Here we just concatenate two strings passed into the benchmark, separated by a space. See Part 1 for an explanation of the state and blackhole parameters.

In Kotlin we could write

open class KotlinStrings {

    @Benchmark
    fun baseline(state: StringState, blackhole: Blackhole) {
        blackhole.consume(state.hello)
        blackhole.consume(state.world)
    }

    @Benchmark
    fun concat(state: StringState, blackhole: Blackhole) {
        blackhole.consume("${state.hello} ${state.world}")
    }
}

Graphically the throughput for a particular test run looks like this

A Sample Strings Run

A visual inspection suggests that the Kotlin version may be as quick as the Java one, and indeed, for the data I have, I cannot tell them apart.

    @Test
    fun `cannot detect the difference between Java and Kotlin`() {
        assertThat(JavaStrings::concat, ! probablyDifferentTo(KotlinStrings::concat))
    }

In other words, “We cannot say that (the mean throughput of the Java version is different than the mean throughput of the Kotlin version for a 95% confidence)”.

Whilst this is true for the data that I have, I suspect that it is not true to say that there is no cost to Kotlin’s string interpolation. Examining the bytecode for the Java (v 1.8.0_131) version we see.
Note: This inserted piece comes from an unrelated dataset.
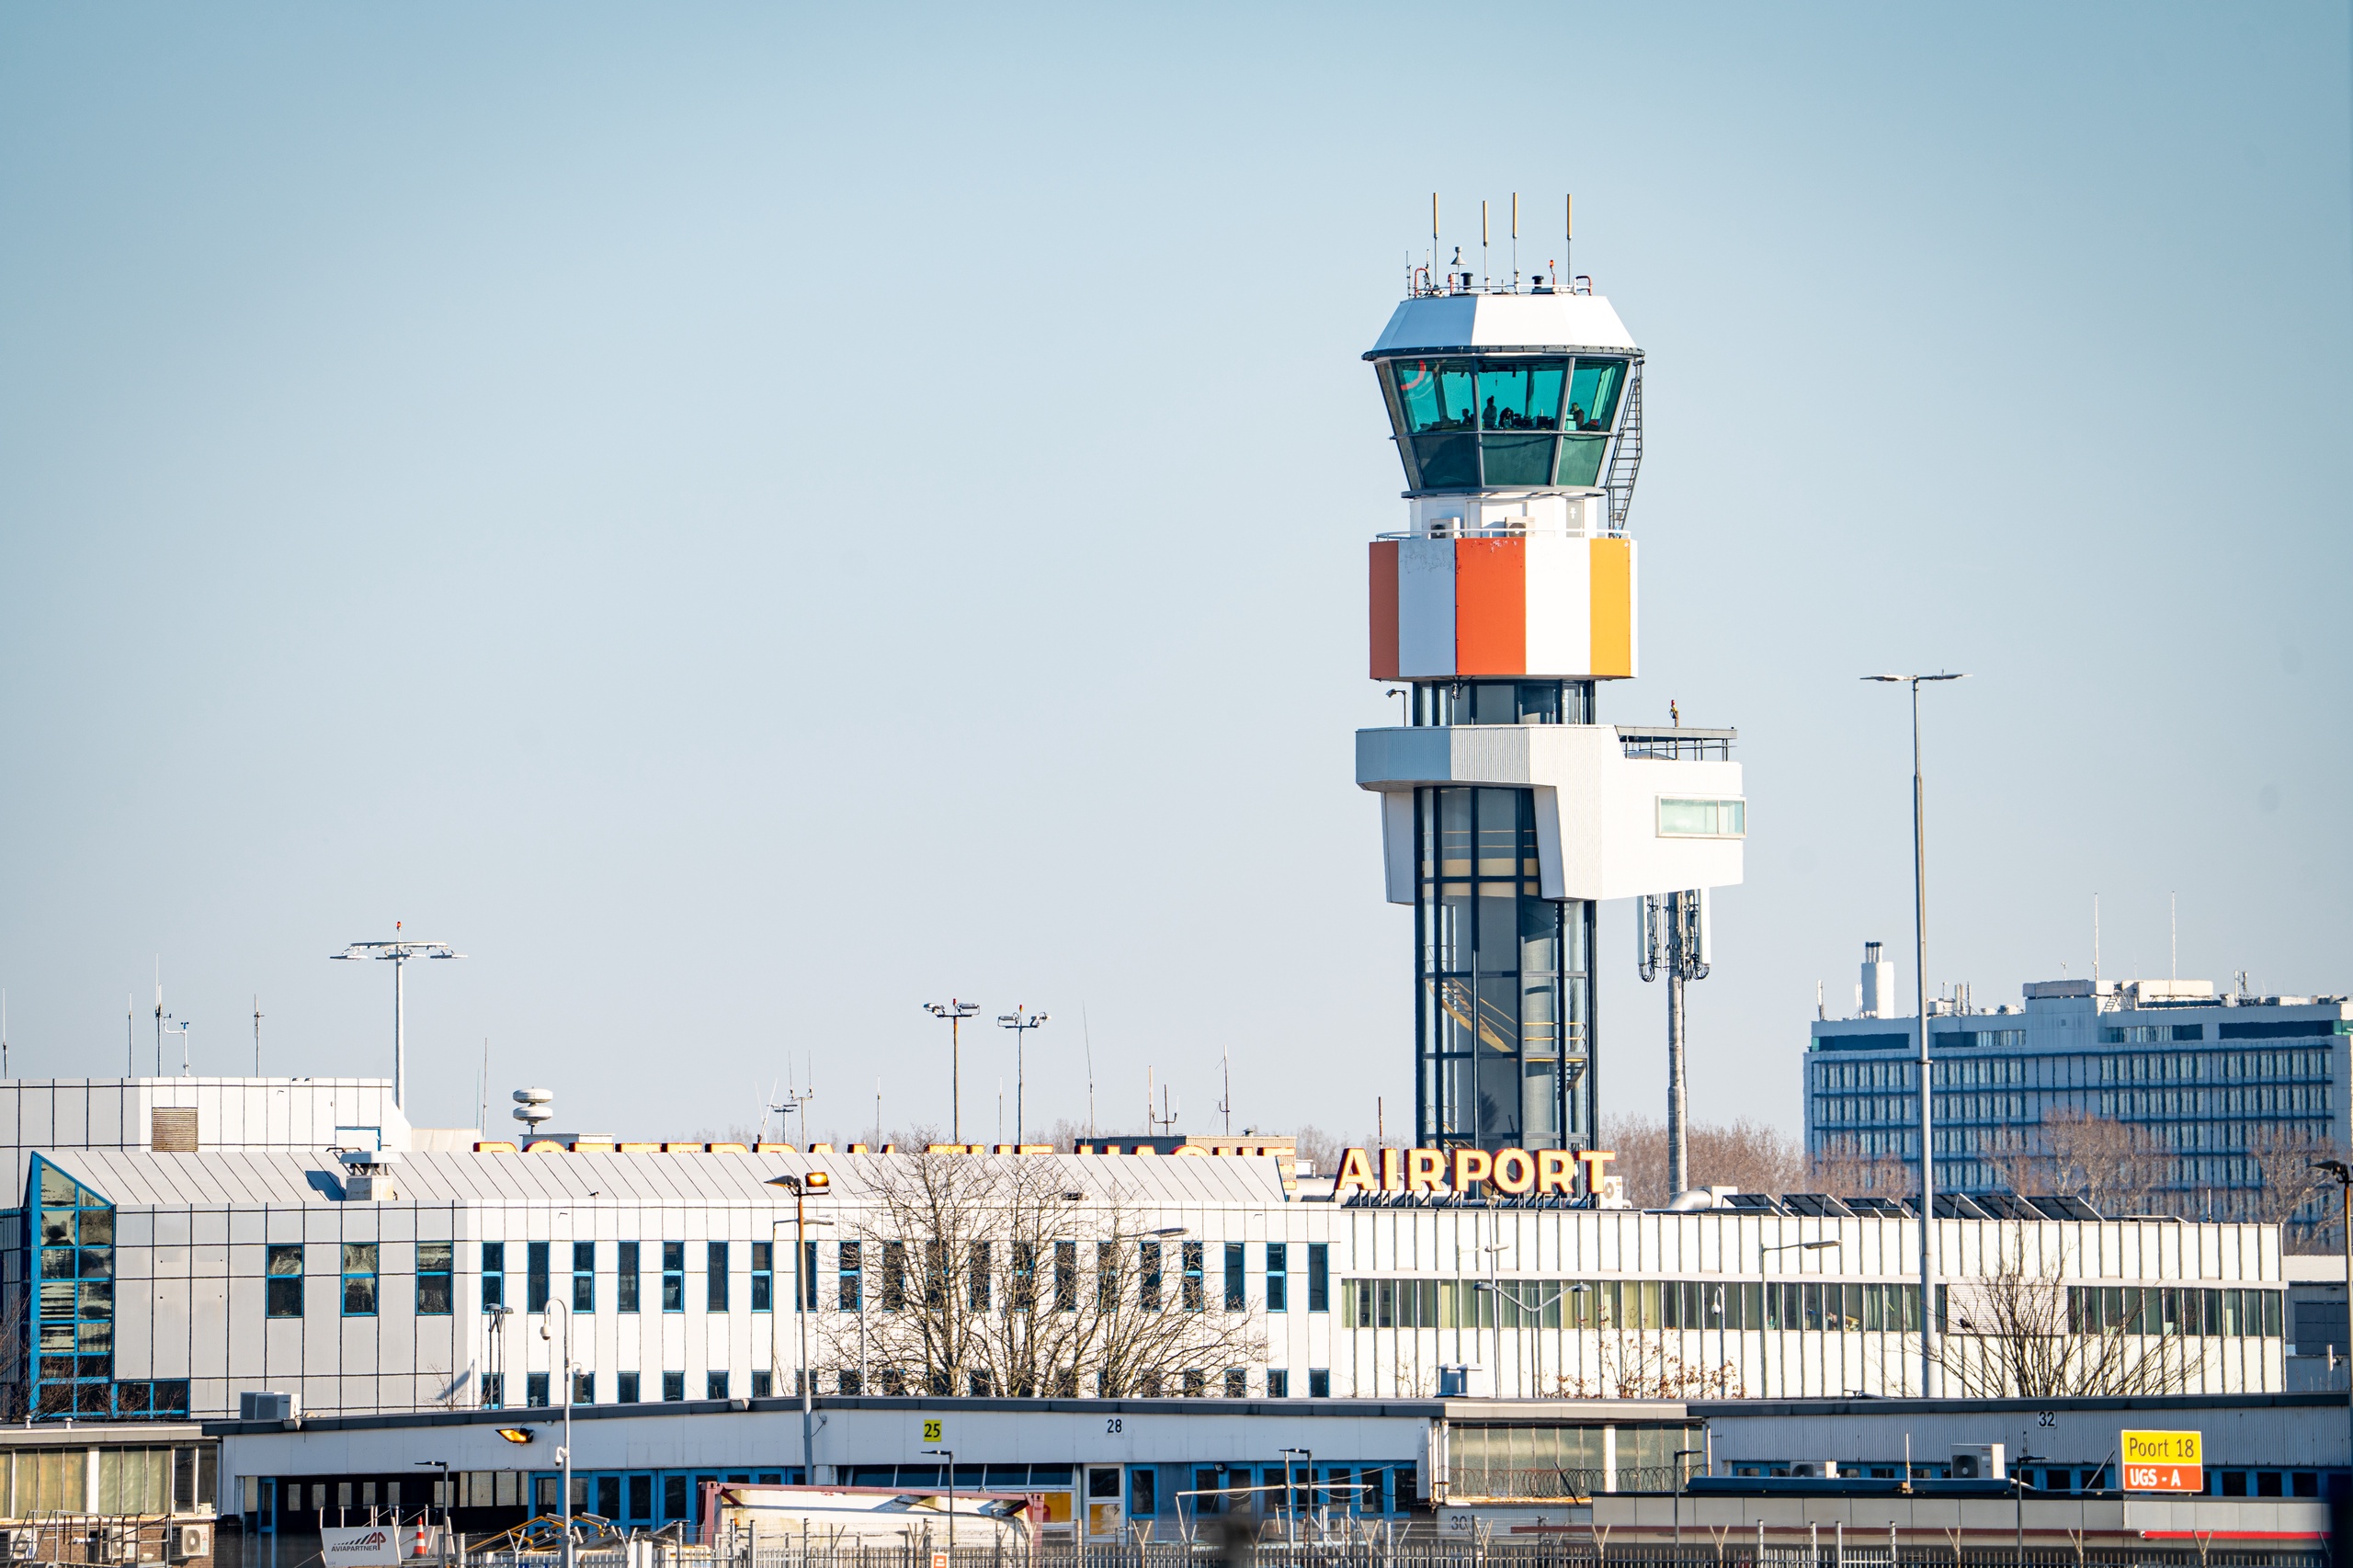 Er kan een streep door de plannen van Rotterdam The Hague Airport om verder uit te breiden. Omliggende gemeentes zijn unaniem tegen uitbreidingsplannen omdat ze bang zijn voor toenemende geluidsoverlast, en dat is een financiële aderlating voor de Nederlandse luchtvaart.

  public concat(LcostOfKotlin/strings/StringState;Lorg/openjdk/jmh/infra/Blackhole;)V
  @Lorg/openjdk/jmh/annotations/Benchmark;()
   L0
    LINENUMBER 18 L0
    ALOAD 2
    NEW java/lang/StringBuilder
    DUP
    INVOKESPECIAL java/lang/StringBuilder.<init> ()V
    ALOAD 1
    INVOKEVIRTUAL costOfKotlin/strings/StringState.getHello ()Ljava/lang/String;
    INVOKEVIRTUAL java/lang/StringBuilder.append (Ljava/lang/String;)Ljava/lang/StringBuilder;
    LDC " "
    INVOKEVIRTUAL java/lang/StringBuilder.append (Ljava/lang/String;)Ljava/lang/StringBuilder;
    ALOAD 1
    INVOKEVIRTUAL costOfKotlin/strings/StringState.getWorld ()Ljava/lang/String;
    INVOKEVIRTUAL java/lang/StringBuilder.append (Ljava/lang/String;)Ljava/lang/StringBuilder;
    INVOKEVIRTUAL java/lang/StringBuilder.toString ()Ljava/lang/String;
    INVOKEVIRTUAL org/openjdk/jmh/infra/Blackhole.consume (Ljava/lang/Object;)V
   L1
    LINENUMBER 19 L1
    RETURN

while the Kotlin (v 1.1.4) has

  public final concat(LcostOfKotlin/strings/StringState;Lorg/openjdk/jmh/infra/Blackhole;)V
  @Lorg/openjdk/jmh/annotations/Benchmark;()
     [null checks, see Part 1]
   L1
    LINENUMBER 21 L1
    ALOAD 2
    NEW java/lang/StringBuilder
    DUP
    INVOKESPECIAL java/lang/StringBuilder.<init> ()V
    LDC ""
    INVOKEVIRTUAL java/lang/StringBuilder.append (Ljava/lang/String;)Ljava/lang/StringBuilder;
    ALOAD 1
    INVOKEVIRTUAL costOfKotlin/strings/StringState.getHello ()Ljava/lang/String;
    INVOKEVIRTUAL java/lang/StringBuilder.append (Ljava/lang/String;)Ljava/lang/StringBuilder;
    BIPUSH 32
    INVOKEVIRTUAL java/lang/StringBuilder.append (C)Ljava/lang/StringBuilder;
    ALOAD 1
    INVOKEVIRTUAL costOfKotlin/strings/StringState.getWorld ()Ljava/lang/String;
    INVOKEVIRTUAL java/lang/StringBuilder.append (Ljava/lang/String;)Ljava/lang/StringBuilder;
    INVOKEVIRTUAL java/lang/StringBuilder.toString ()Ljava/lang/String;
    INVOKEVIRTUAL org/openjdk/jmh/infra/Blackhole.consume (Ljava/lang/Object;)V
   L2
    LINENUMBER 22 L2
    RETURN

Both create a StringBuilder and then append the parts of the string, but the Kotlin compiler has appended a vestigial empty string representing the parts of the template string before the first substitution. As it is hard to believe that appending an empty string to a StringBuffer is free, the Kotlin code must be slower, just not, in this case, detectably so.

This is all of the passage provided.